During the Middle Ages the territory of Ukraine was marked on the hand-drawn maps of the world prepared by the Arabic geographers al-Istakhrī of the 10th century and al-Idrīsī (1154, 1192). The former introduced the name Rus’.
In the 14th century Ukraine appeared in the portolano of ‘Pisane’ (1300), G. Laurenciano of Florence (1351), Marino Sanuto’s (1320) and Pietro Vesconte’s (1311) maps of the world, and the Catalonian atlas (Mappemundi) of 1375.
In the 15th century several maps of the world depicted Ukraine: the Catalonian map of 1450, Pirrus de Noha’s map (ca 1414), and Henricus Germanus’s map of 1489. The portolani of Conte di Ottomano Freducci (1497), the ‘Borgia map’, (1457), and Luigi Alberto Benincazo (1476) gave some information about Ukraine. The ‘Genoese’ map of the Atlantic (1490) and Martin Beheim’s globe also included Ukraine.
In the 16th century new cartographical works appeared in which Ukrainian lands were represented: Juan de la Cosa's portolano (ca 1500); Giovanni Matteo Contarini’s map of the world (1506); Diogo Ribero’s map of the world (1527); Battista Agnese’s map of Muscovy (1525); Sigismund Herberstein’s map (1549); the ‘Salviati planisphere’ (1527); the maps of Bernard Sylvanus (1511), Albrecht Dürer (1515, designed by Johannes Stabius), and Sancho Gutierrez; the portolano of Vesconte Maggiolo (1512); a map of the Atlantic that included the Black Sea and the most detailed description of the Black Sea and the Sea of Azov along with southern Ukraine (Rusia) by the Greek cartographer G. Kalapoda (1552). Ukraine was depicted on the maps of Paolo Forlani (1565) and Andreas Pograbius (1569).
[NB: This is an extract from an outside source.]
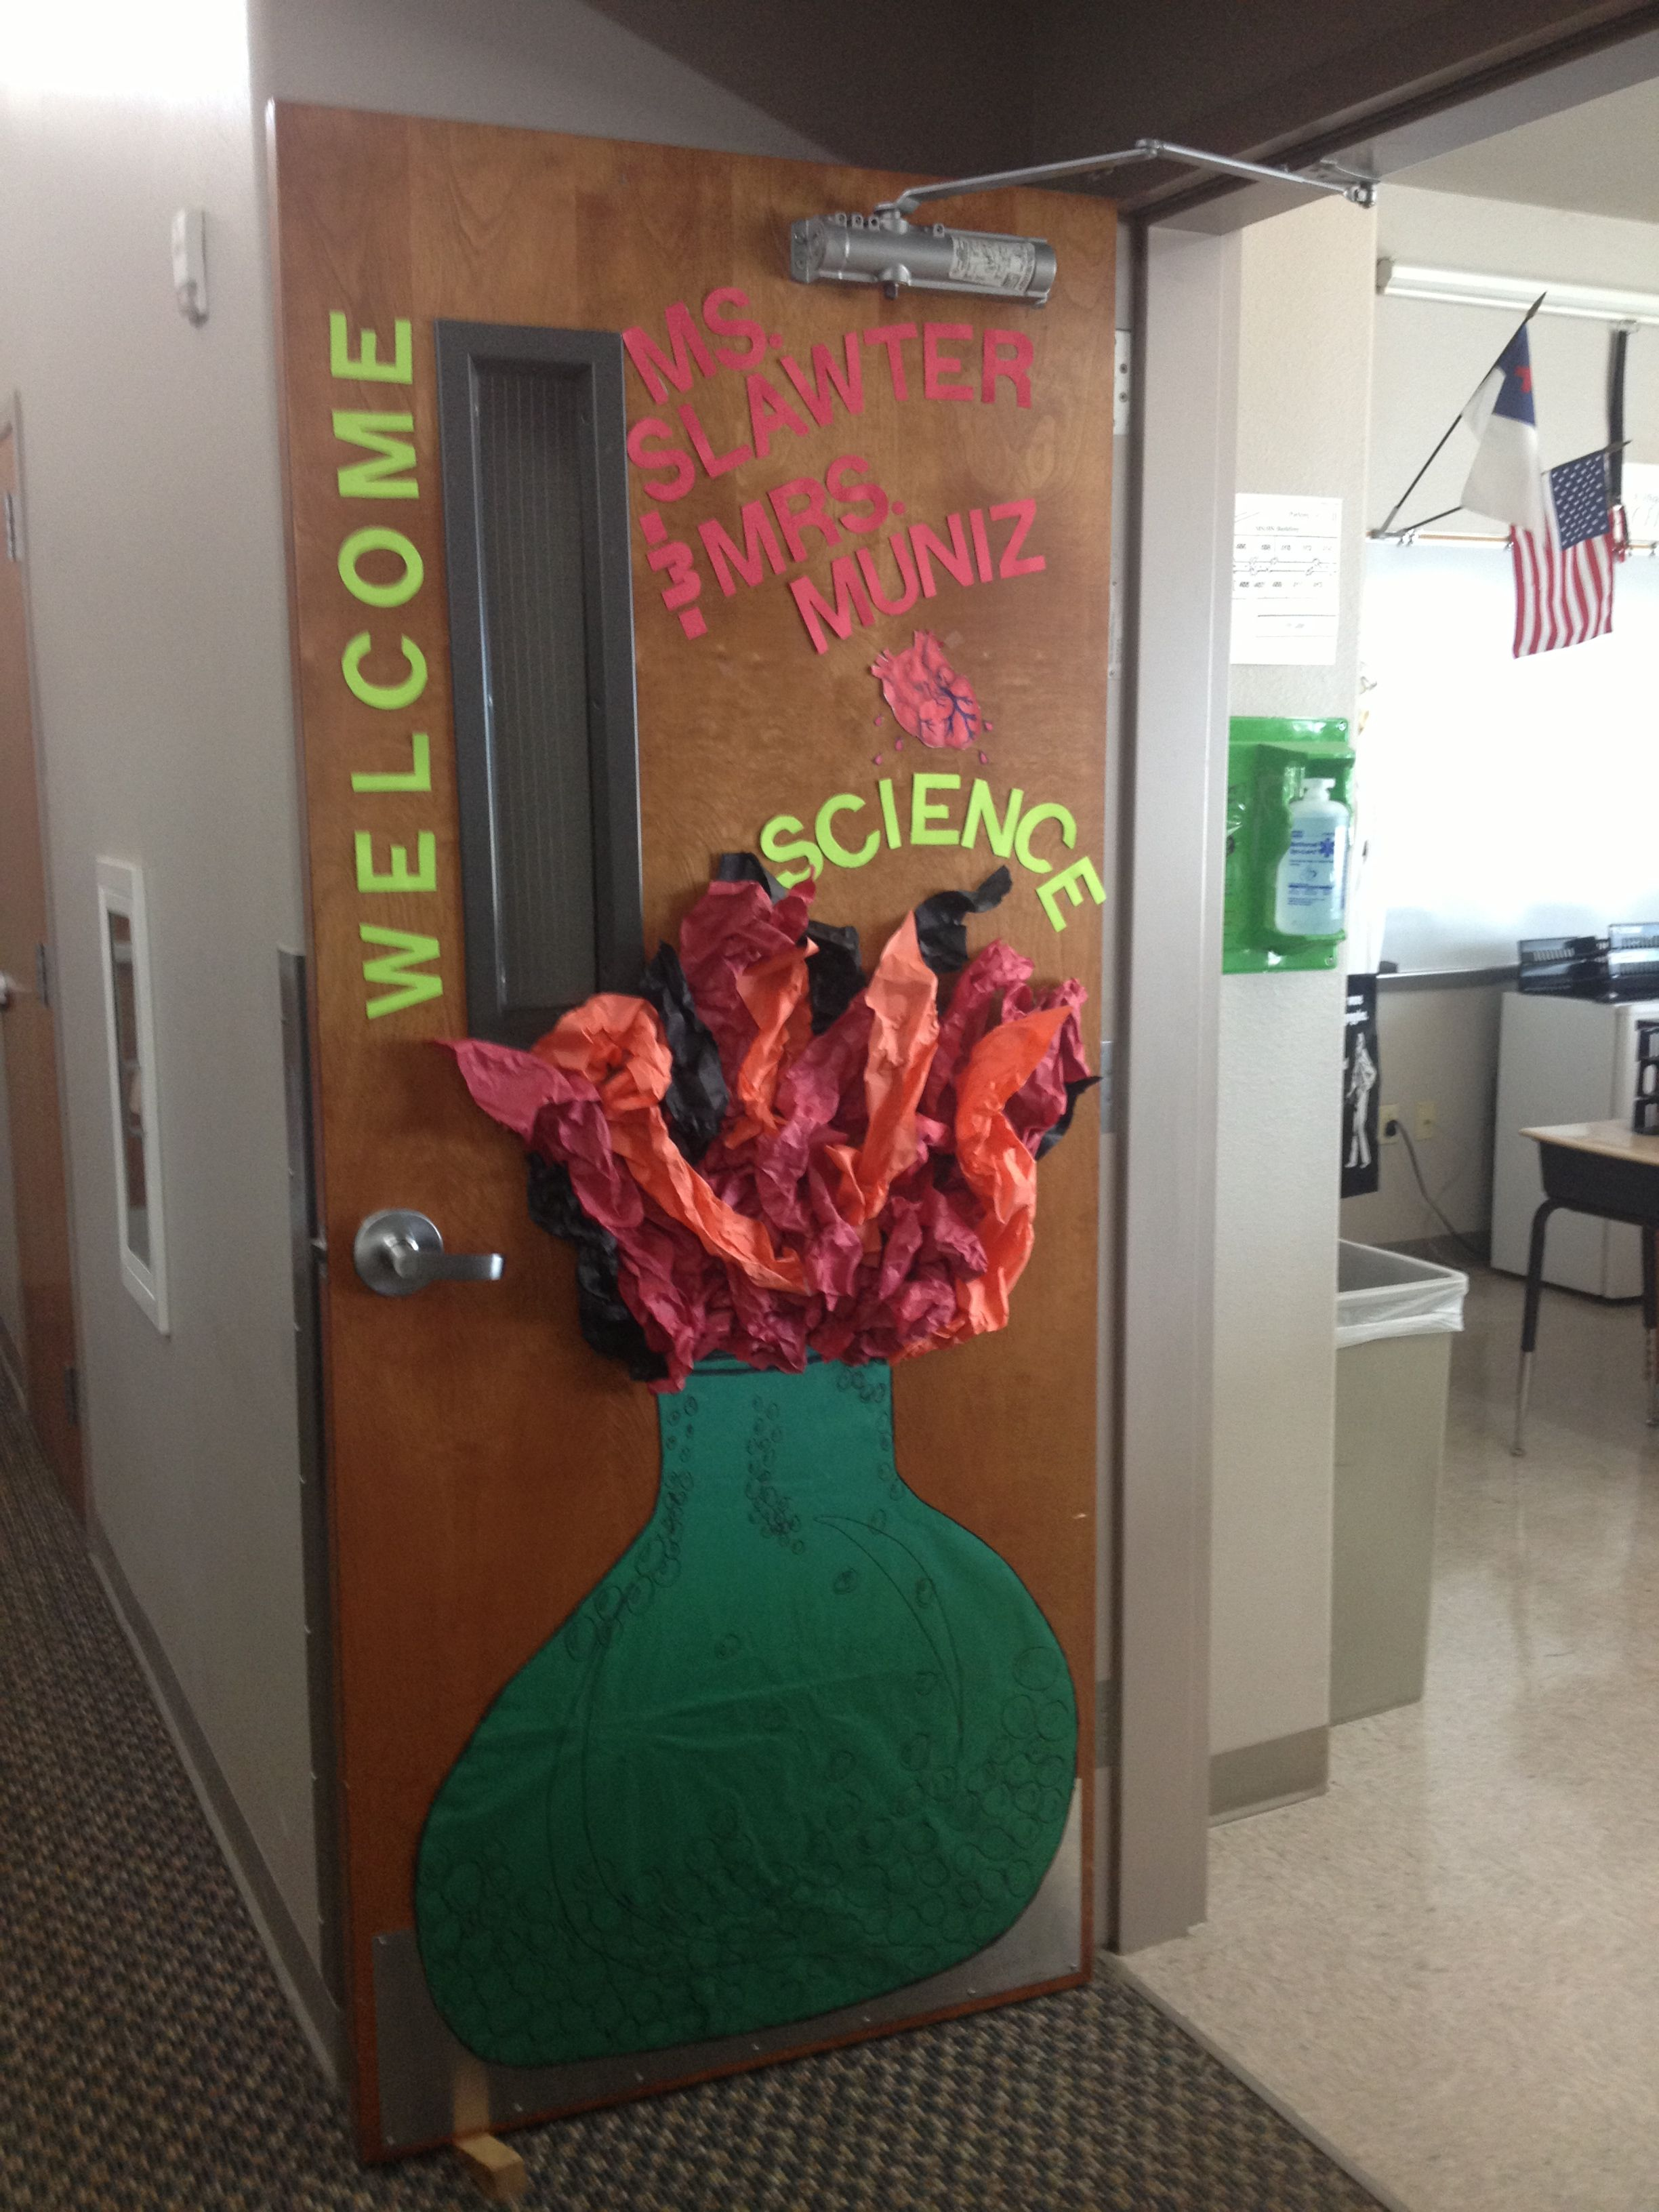 Science Class Door Decorations | Decoratingspecial.com
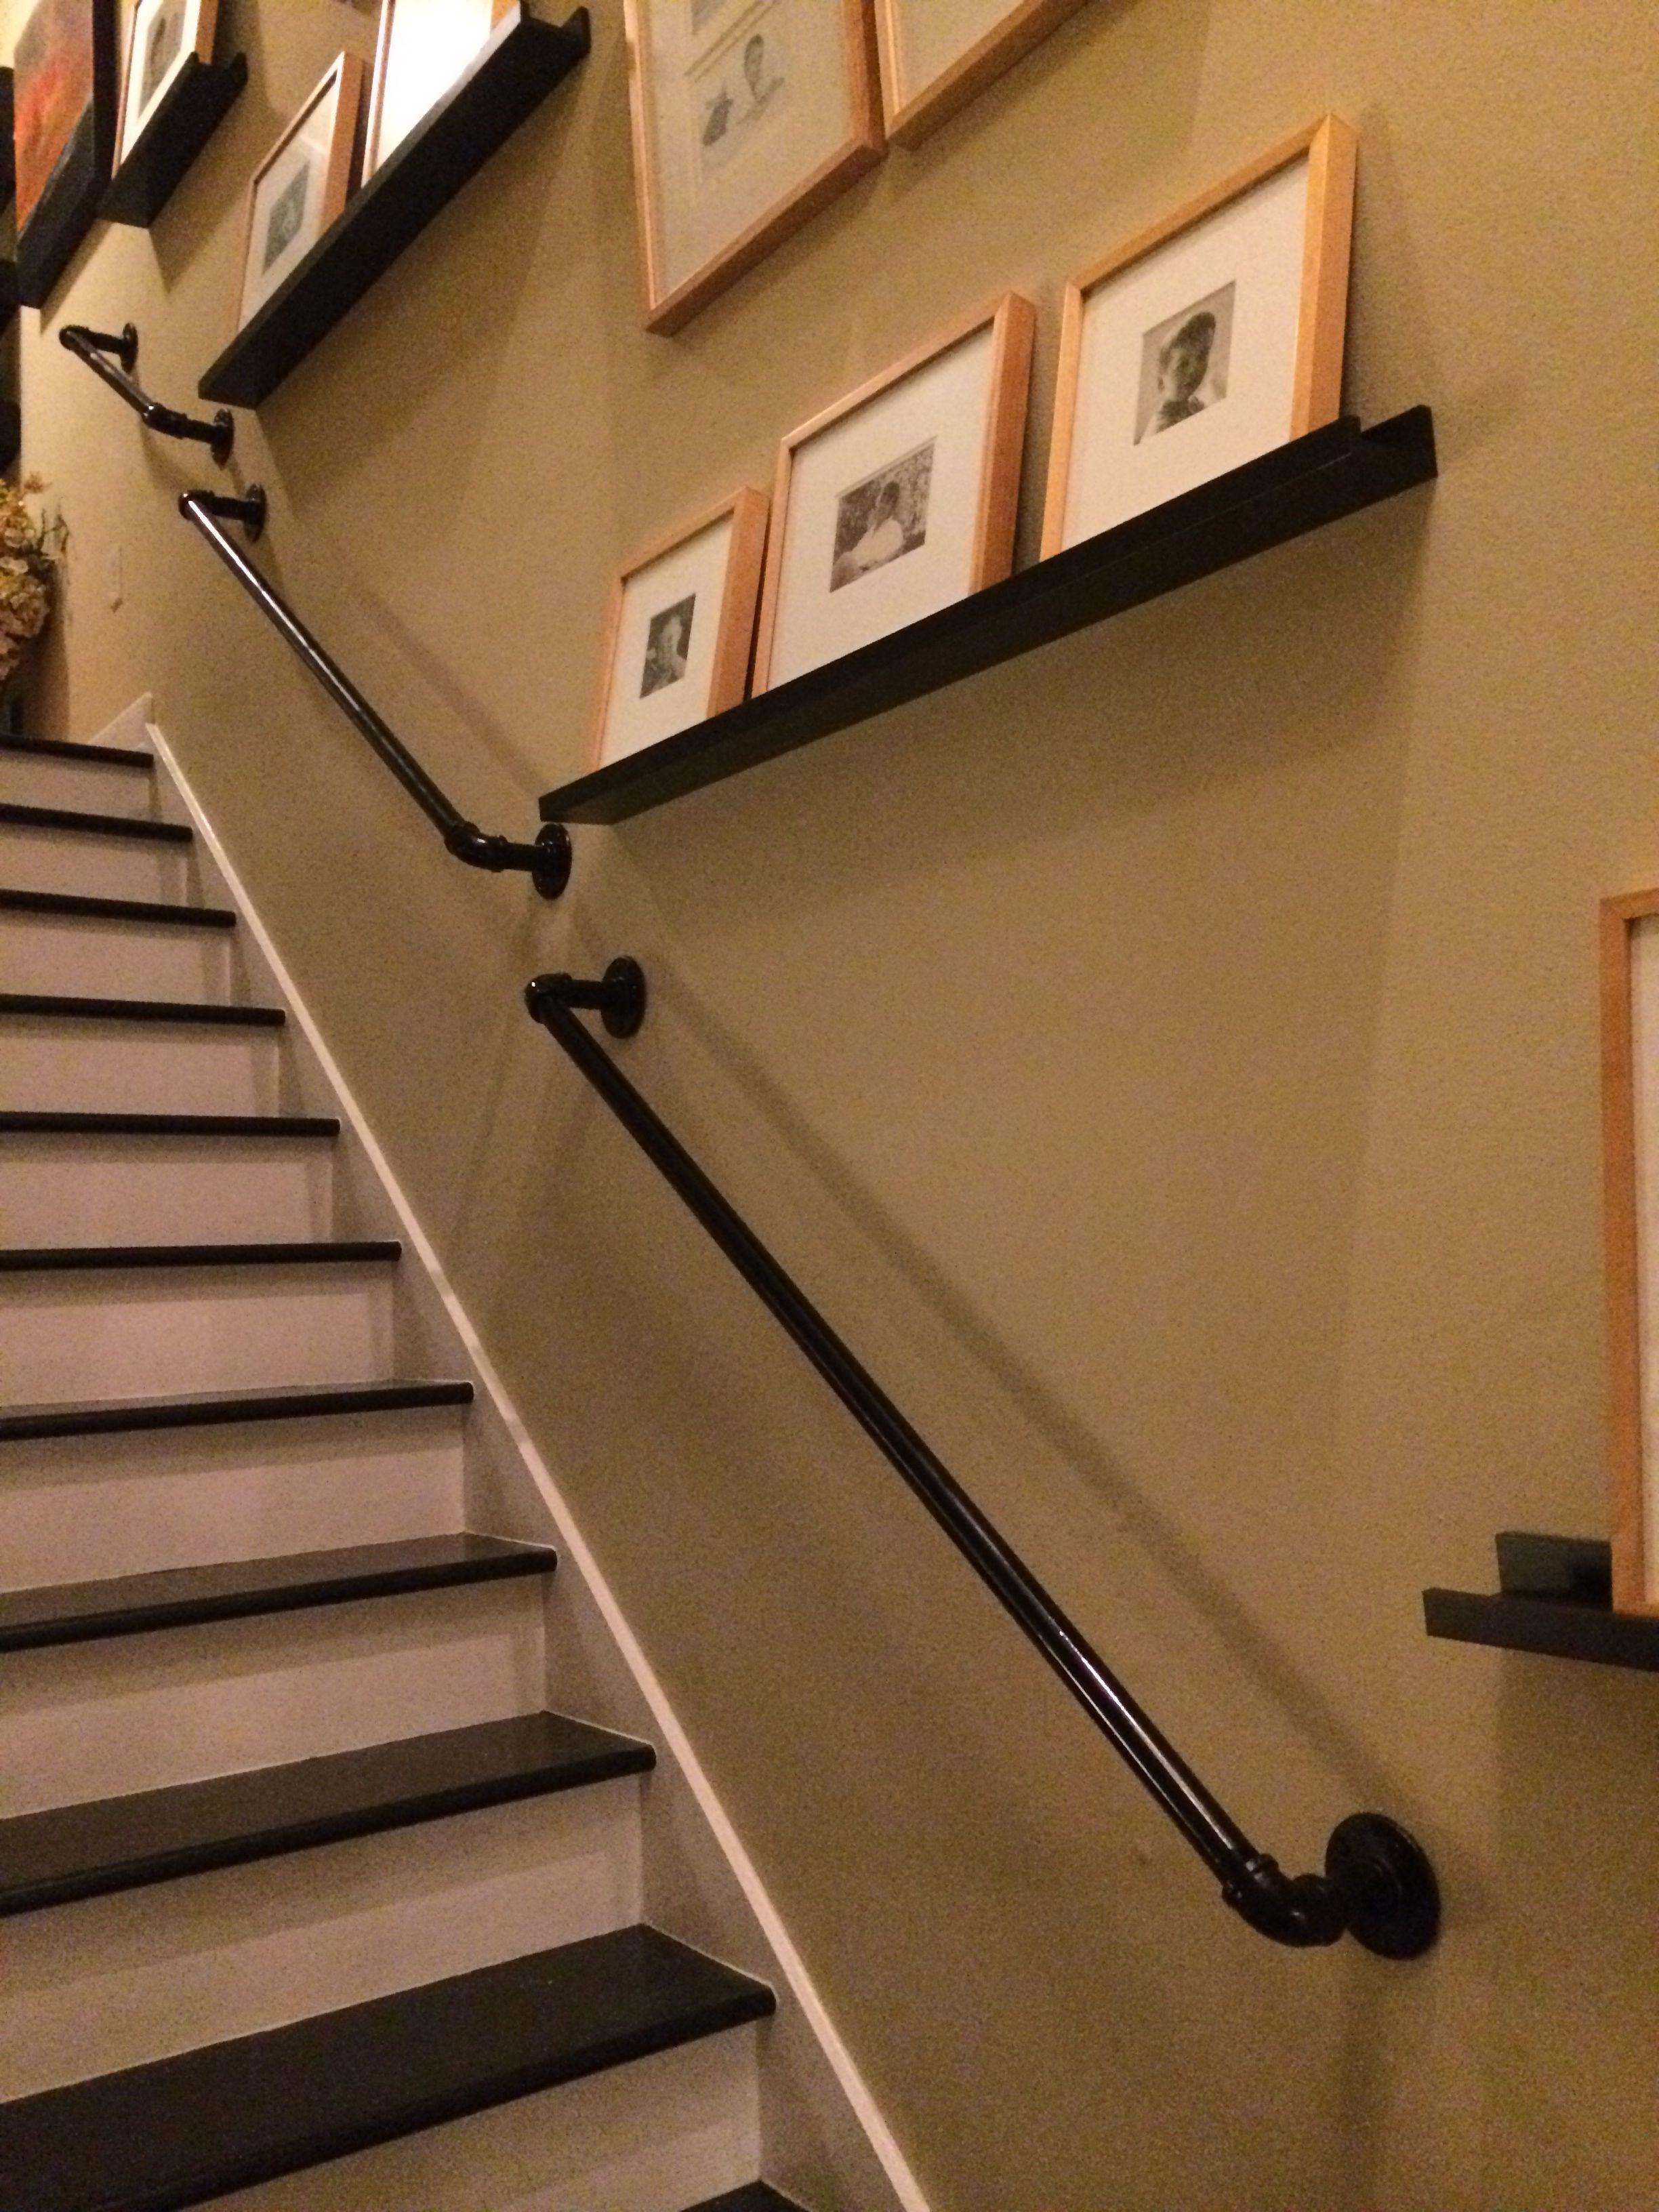 Pin On Home Renos | Black Iron Pipe Handrail | Custom Iron | Galvanized Pipe | Stairway | Aluminum Pipe | Water Pipe

Regional maps that included Ukrainian lands were published by the Polish historian Bernard Wapowski (ca 1475–1535). His maps of Poland and Lithuania encompassed Ukraine as far east as the Dnipro River and the Black Sea. Ukraine was also represented on Martin Waldseemüller’s map of the world, Carta marina (1516), and Johannes Ruysch’s map of the world (1508). The eastern part of Ukraine was presented on the maps of Anton Wied (1555, 1594) and the English traveler Anthony Jenkinson (1562). Western Ukraine was encompassed by Wacław Grodecki's map (1562), which was printed in Abraham Ortelius’s atlas (1527, 1598), and central Ukraine by Gerardus Mercator’s (1512–94) map. Mercator also published maps of Europe and the world that covered all Ukraine. The Crimea and its adjacent lands were depicted on the map of the Pole Marcin Broniewski (1595). The Lviv region was mapped by A. Passarotti in 1607.
The first cartographers to produce maps based on topographic observation and measurement of Ukrainian territories were Tomasz Makowski (ca 1575–1620) and Guillaume Le Vasseur de Beauplan (ca 1600–73). Makowski prepared a comprehensive map of Lithuania, on a scale of 1:1,300,000, which encompassed northern Ukraine. It was published in Amsterdam in 1613 by Hessel Gerritsz and appeared later in various atlases, most importantly those of Hugo Allard and Nicolas Visscher. Makowski also prepared a map of the Dnipro River, on a scale of 1:1,300,000, for some atlases.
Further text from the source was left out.